Introduction

Treatment of the vaginal vault and uterovaginal prolapse is a challenge for the urogynecologist. Apical prolapse affects up to 11% women [1]. Many procedures, abdominal, laparoscopic, or transvaginal, have been described for the treatment of apical suspension.

Uterosacral ligament (USL) suspension is one of the two most commonly reported transvaginal apical (uterus or vault) prolapse repair procedures, performed using native tissue [2]. The USLs have three parts: near the cervix (smooth muscle, vessels, and nerves), an intermediate portion (connective tissue), and the proximal part (connective tissue, fat, lymphatic) [3]. The surgical technique was first described by Shull in 1994 [4] and involves placing sutures in the intermediate portion of the USLs.

Subsequently, a number of modifications to this technique have been described [5, 6], including the high utero-sacral ligament suspension (HUSLS), which provides attachment in the proximal part of the USLs.

This modification has led to a more stable point of fixation and guides the surgeon toward better suspension of the vaginal vault [7]. However, this surgery is burdened by the risk for hypogastric nerve and ureteral injury, especially with use of the vaginal approach. Indeed, ureteral damage of up to 11% has been reported [8].

The laparoscopic approach allows these vaginal complications to be overcome. Anatomical and surgical knowledge is essential to reduce morbidity associated with USL fixation.

The aim of this video is to suggest an alternative approach to the traditional vaginal procedure, to improve awareness of the surgical anatomy of key structures and to reduce nervous and ureteral complications, thanks to a direct visualization of the key structures that the laparoscopic approach permits.

In this video, we show laparoscopic high USL fixation for the treatment of stage III apical prolapse, performed at the time of hysterectomy.

Materials and methods

A 75-year-old woman was referred to the author’s unit for symptomatic apical prolapse. She had not undergone previous gynecological surgery. She complained of antero-apical prolapse-related symptoms, such as a feeling of vaginal bulging and incomplete bladder emptying. She was first examined by an urogynecologist in the standing and lithotomy positions, both at rest and during straining. The evaluation demonstrated anterior stage II, apical stage III, and posterior stage I prolapse (POP-Q: Aa 0, Ba +1, C +2, gh 4, pb 2, tvl 9, Ap −3, Bp 0, D −2) [9].

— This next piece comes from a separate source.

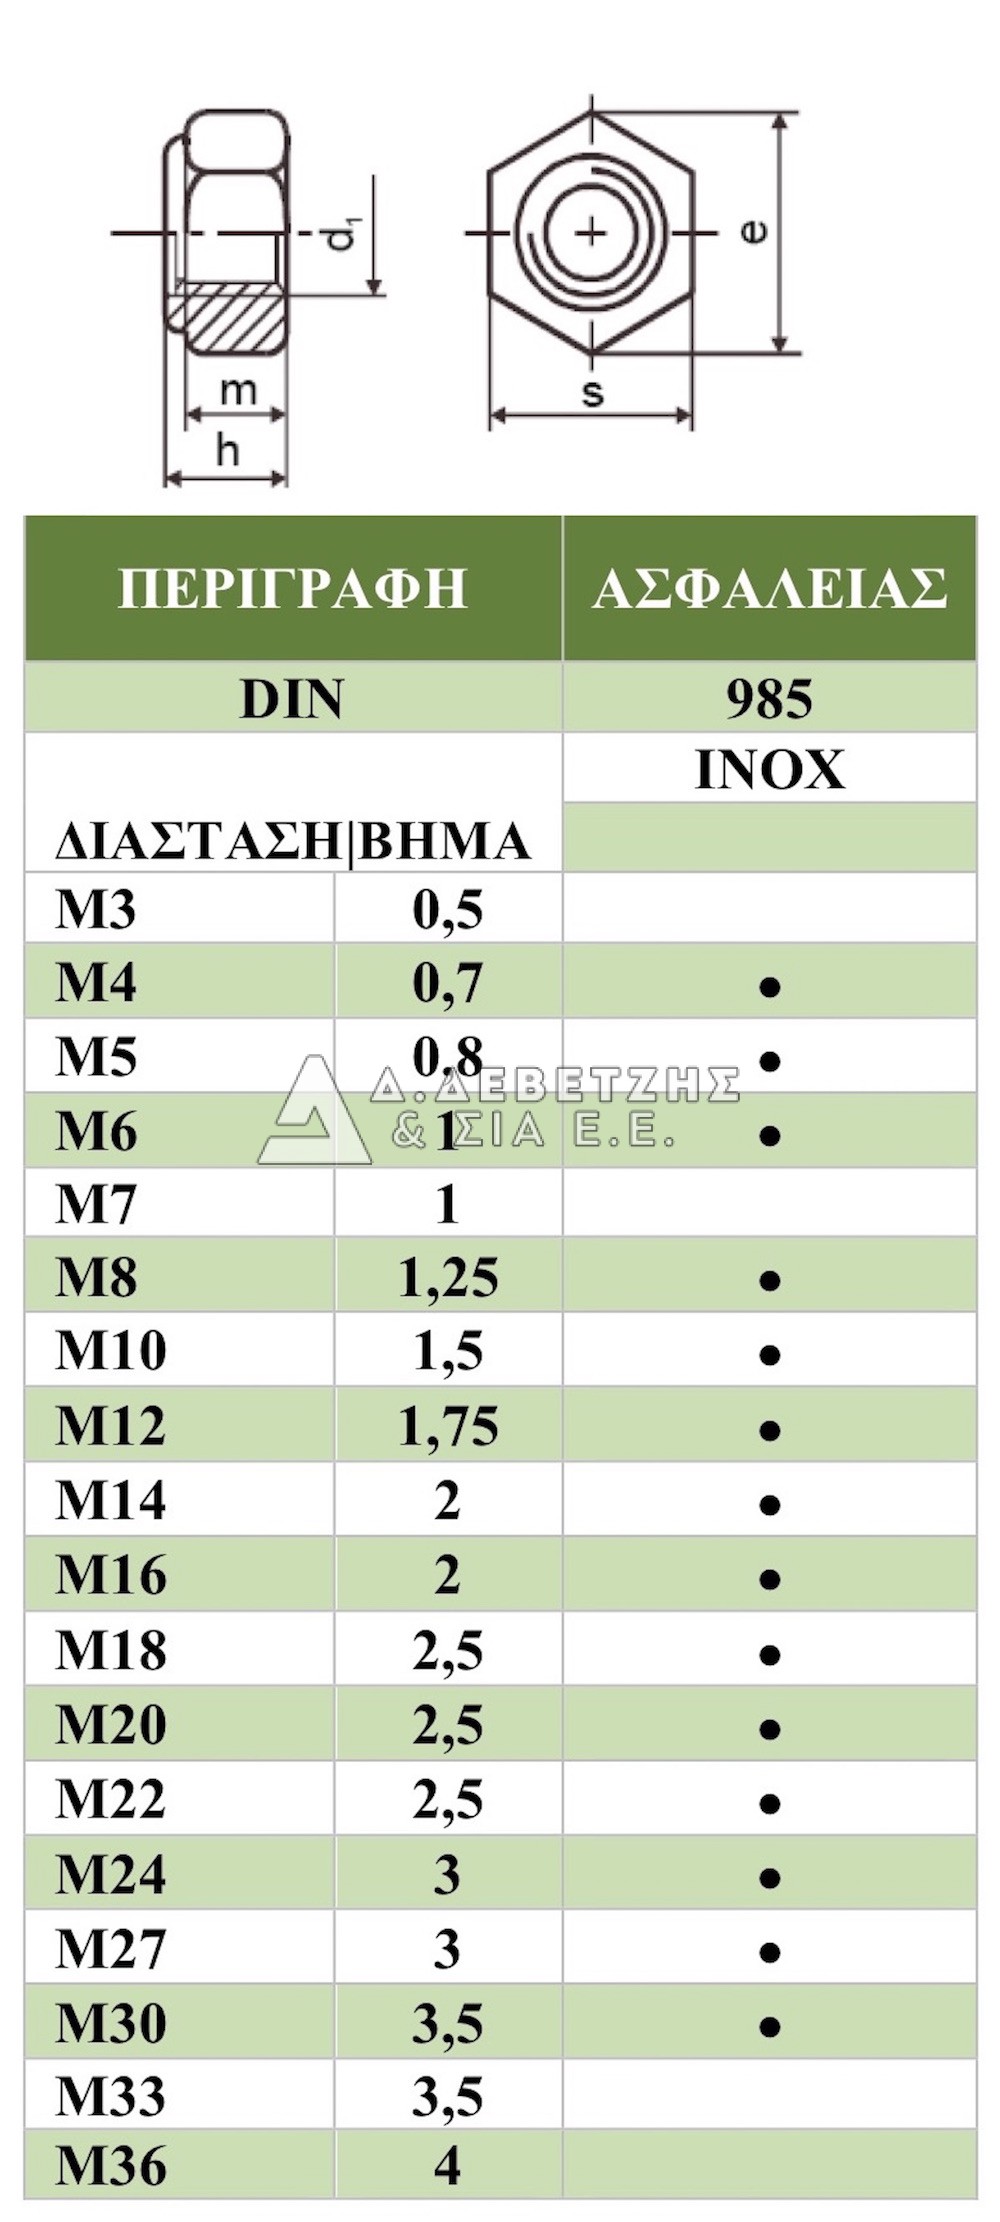 Hex Nuts DIN 985 m20 a2 VA 1 per unit

Preoperative urodynamics, gynecological ultrasound, urinary tract ultrasound, and a pap smear test were performed. Urodynamic study confirmed voiding dysfunction. She did not present with urinary incontinence. After obtaining informed consent, the patient was admitted for laparoscopic hysterectomy followed by USL suspension, according to the technique described below. A Foley catheter was inserted. Broad-spectrum intravenous antibiotic therapy was administered preoperatively, and she received general anesthesia. The technique included the following steps:

  1. 1.

    Preparation of the retroperitoneal space laterally to both USLs.

  2. 2.

    Isolation of the USLs for their entire course, until the insertion of each USL into the cervix (torus uterinus); in this way, the recto-vaginal fascia is prepared, and the retroperitoneal space is ready.

  3. 3.

    Once the hysterectomy has been performed, insertion of the first polydioxanone 1 suture stitch (PDS®; Ethicon, Somerville, NJ, USA) into the cervico-vaginal fascia and the second into the cardinal ligament.

  4. 4.

    Duplication of the USL for the entire course, both laterally and medially.

  5. 5.

    Extrusion of the thread through the vagina.

  6. 6.

    Suture of the vaginal cuff transvaginally. Once the vault is closed, the USLs are tied separately with the stitches extruding before the vaginal suspension is performed.

Results

This innovative surgical nerve- and ureter-sparing technique was successful at correcting apical prolapse at the time of hysterectomy. At the postoperative 1- and 6-month examinations there was excellent apical support (POP-Q: Aa −3, Ba −3, C −8, gh 3, pb 2, tvl 9, Ap −3, Bp −3, D /) with preservation of the vaginal length and complete satisfaction of the patient, in terms of quality of life, sexual function, urinary and prolapse-related symptoms, and a Patient Global Impression of Improvement score of 3.

Conclusions

This video-tutorial may be useful to urogynecologists for improving surgical technique, thus leading to a reduction in the risk of complications. In fact, the laparoscopic approach offers the possibility of inserting a correct under-vision suture into the middle and the high parts of the USLs, preserving the ureter with its sheath and hypogastric nerve and, at the same time, allowing the surgeon to anchor the vaginal vault to the upper part of the USLs, performing a better suspension than with the vaginal approach.

In conclusion, laparoscopic high USL fixation is a safe and feasible procedure to correct apical prolapse.